### [Supplied information]
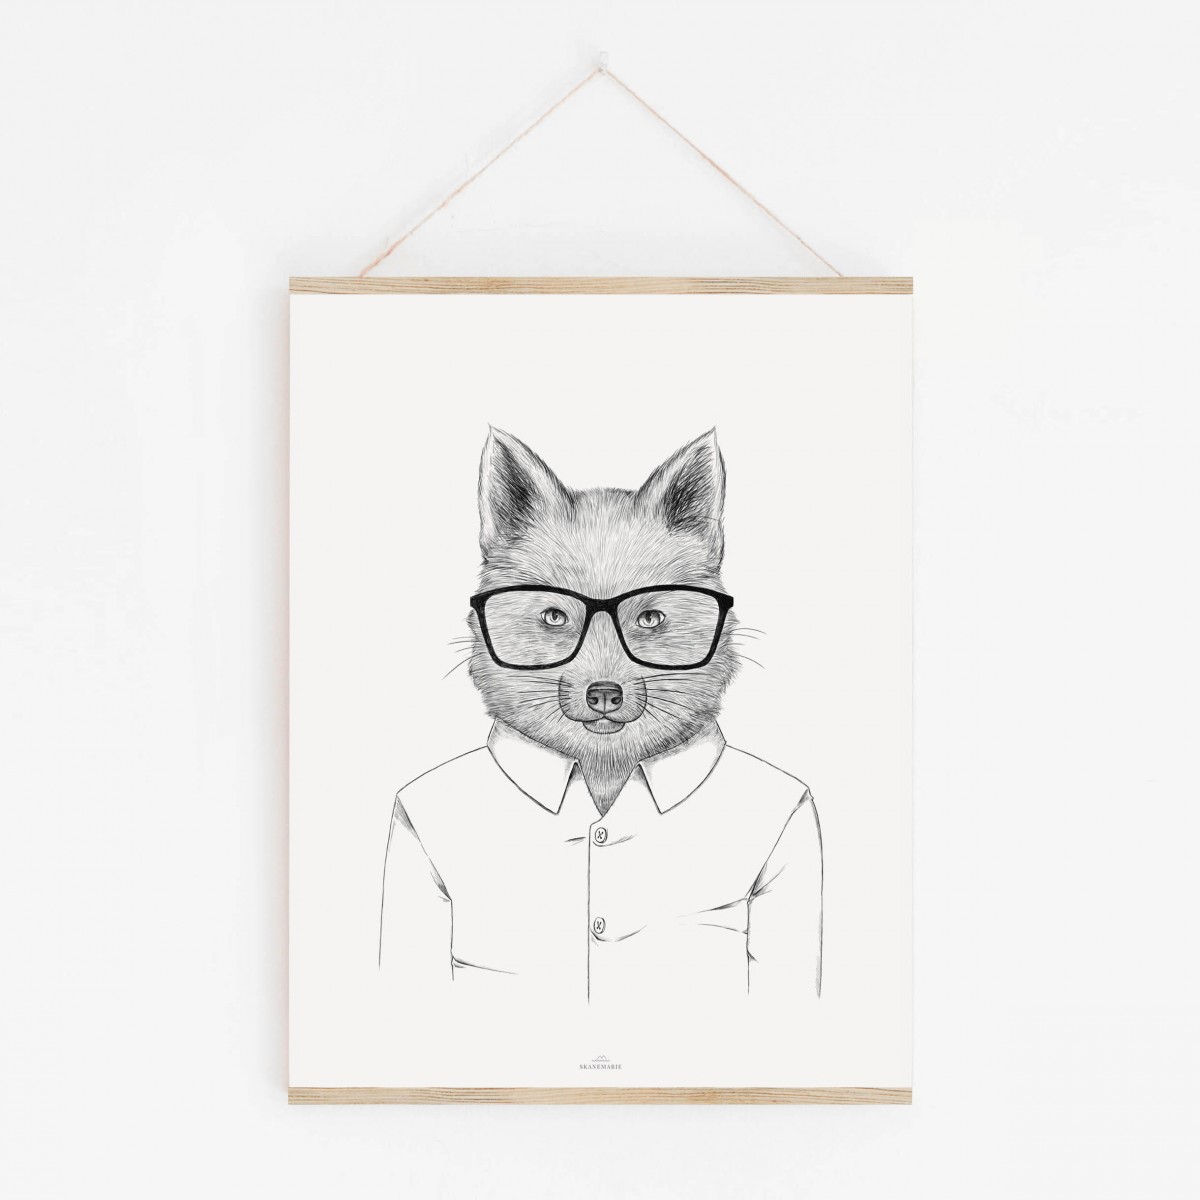 Fuchs im Hemd als hochwertiger Print im minimalistischen Stil von Skanemarie +++ Poster, Wandbild
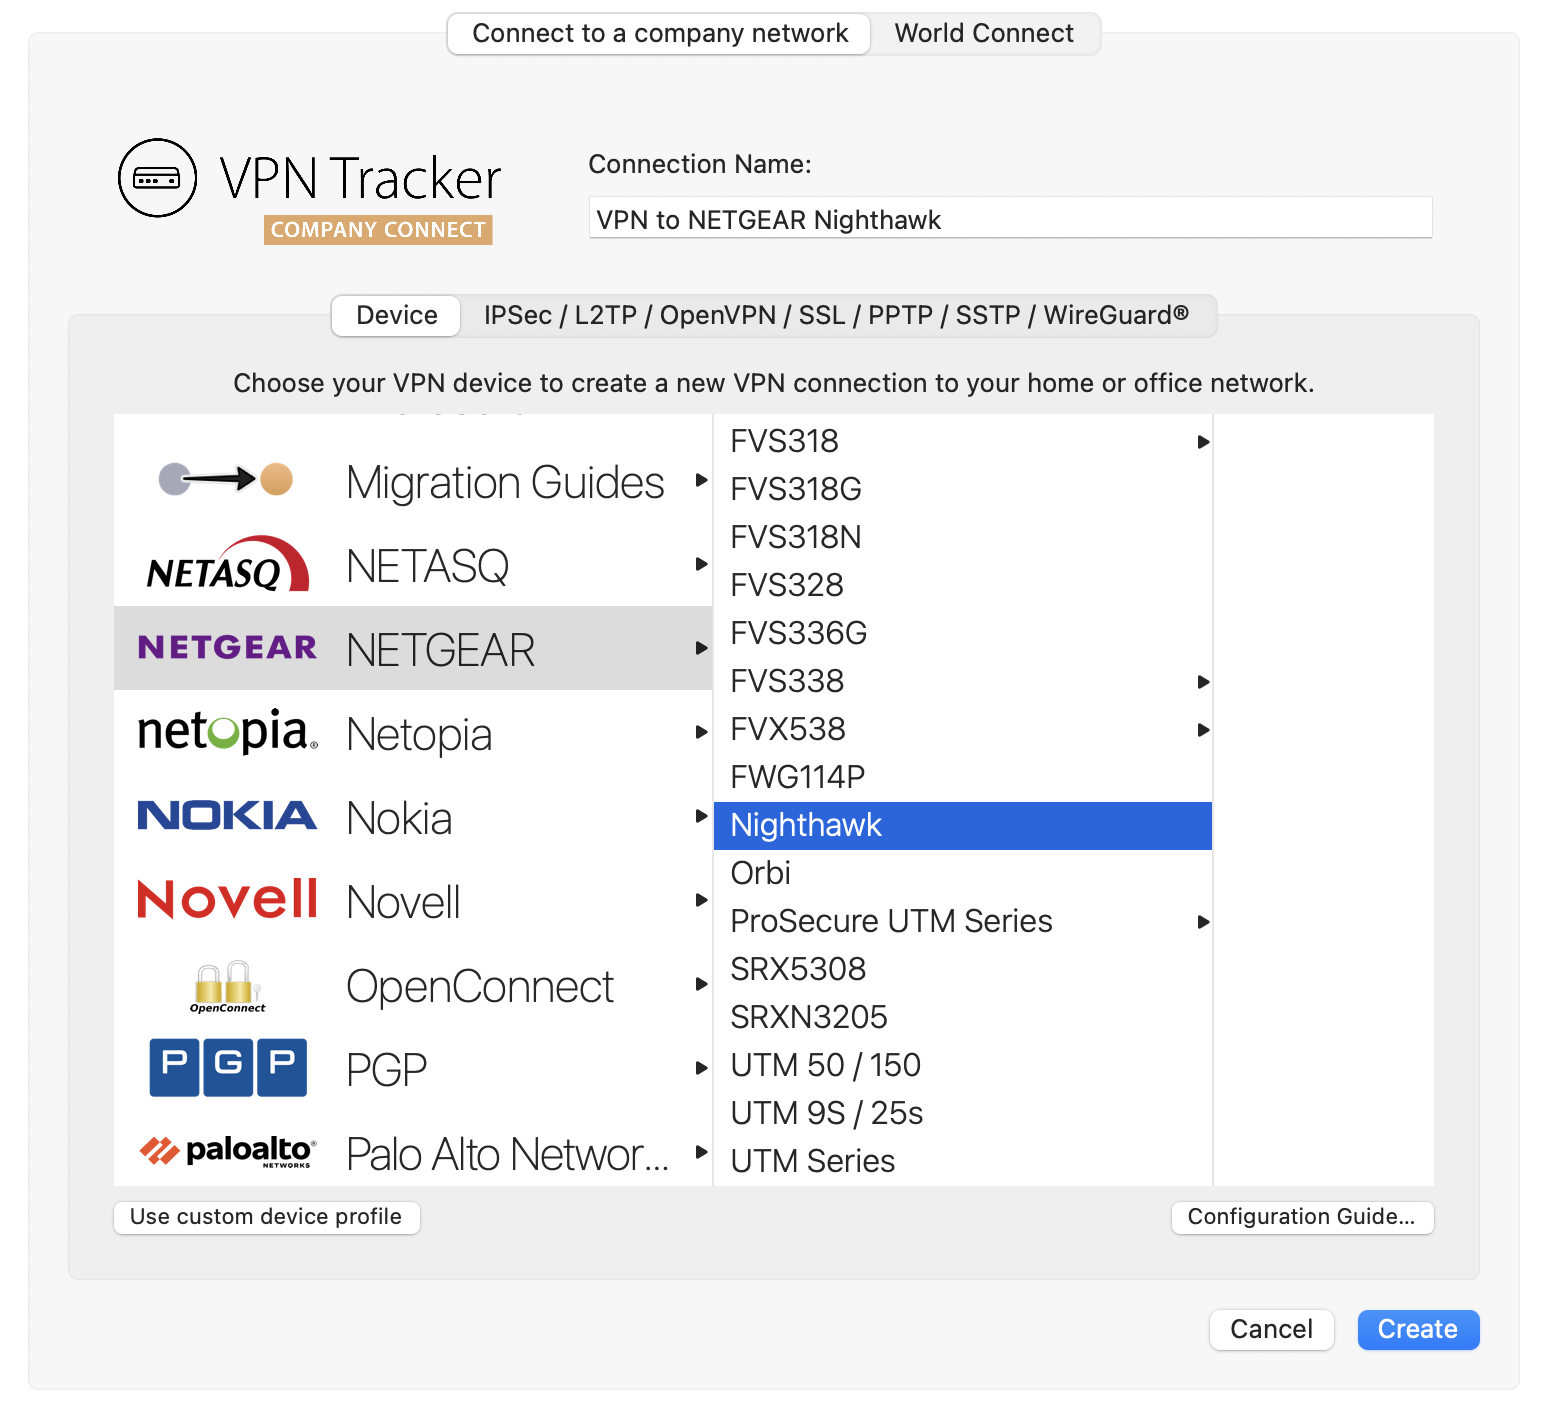 configure netgear vpn connection in vpn tracker
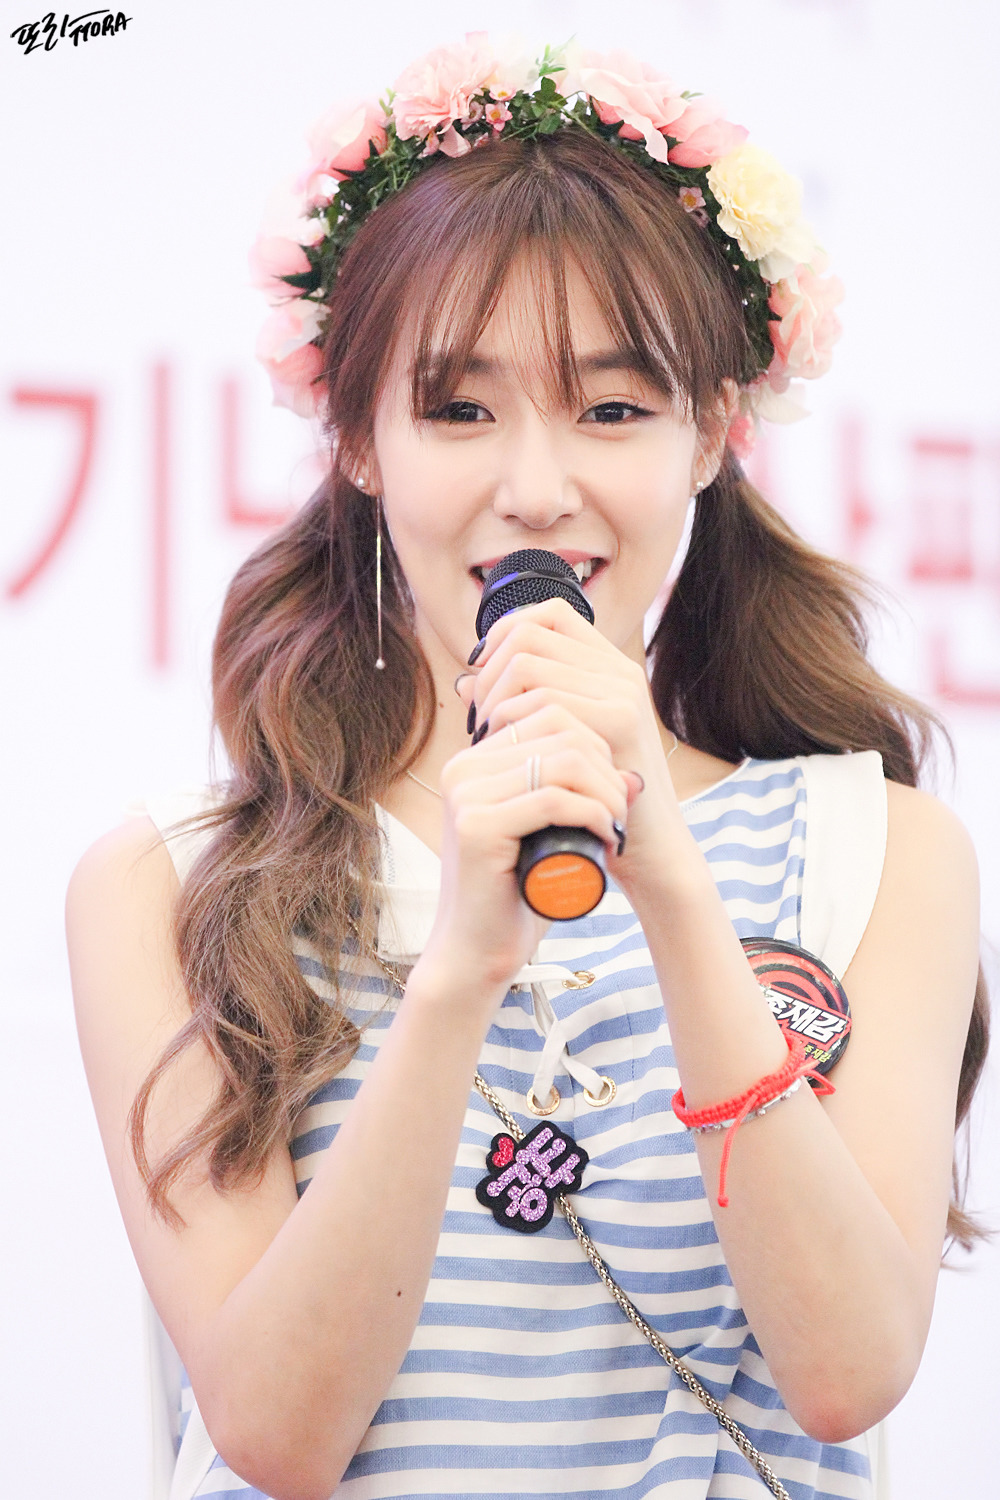 [PIC][06-06-2016]Tiffany tham dự buổi Fansign cho "I Just Wanna Dance" tại Busan vào chiều nay - Page 5 240C244757C557761C7F35
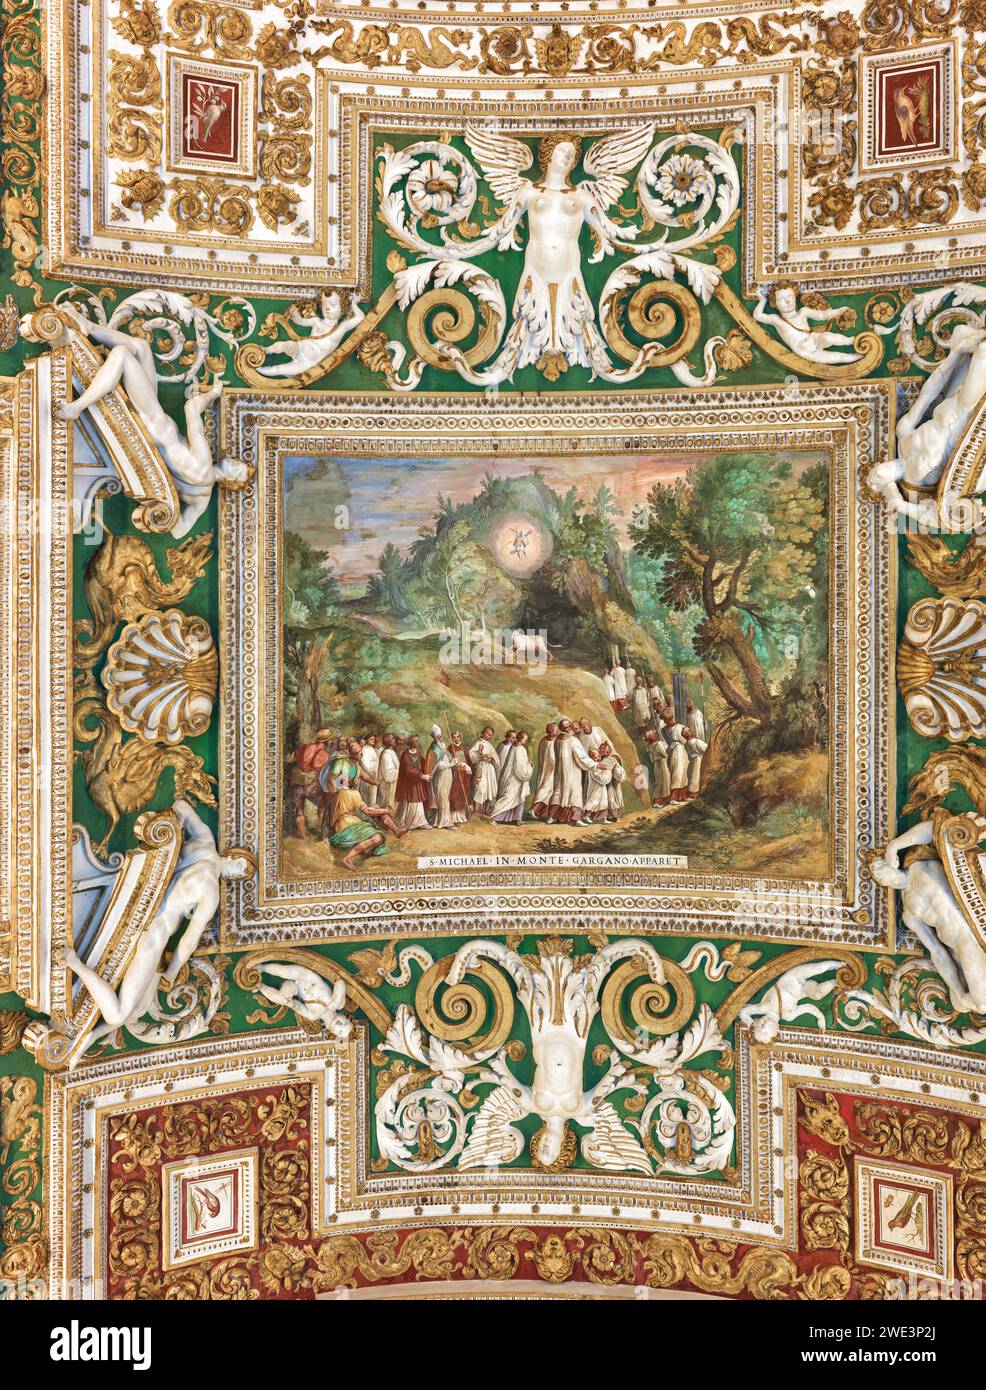 Pittura (San Michele appare nel Monte Gargano) e decorazioni sul soffitto nella galleria di mappe geografiche, Musei Vaticani, Roma, Italia. Foto Stock

### [Problem description]
Apart from the pictures, every line of the data above should be given again exactly.

### [Output below]
 Fuchs im Hemd als hochwertiger Print im minimalistischen Stil von Skanemarie +++ Poster, Wandbild
 configure netgear vpn connection in vpn tracker
 [PIC][06-06-2016]Tiffany tham dự buổi Fansign cho "I Just Wanna Dance" tại Busan vào chiều nay - Page 5 240C244757C557761C7F35
 Pittura (San Michele appare nel Monte Gargano) e decorazioni sul soffitto nella galleria di mappe geografiche, Musei Vaticani, Roma, Italia. Foto Stock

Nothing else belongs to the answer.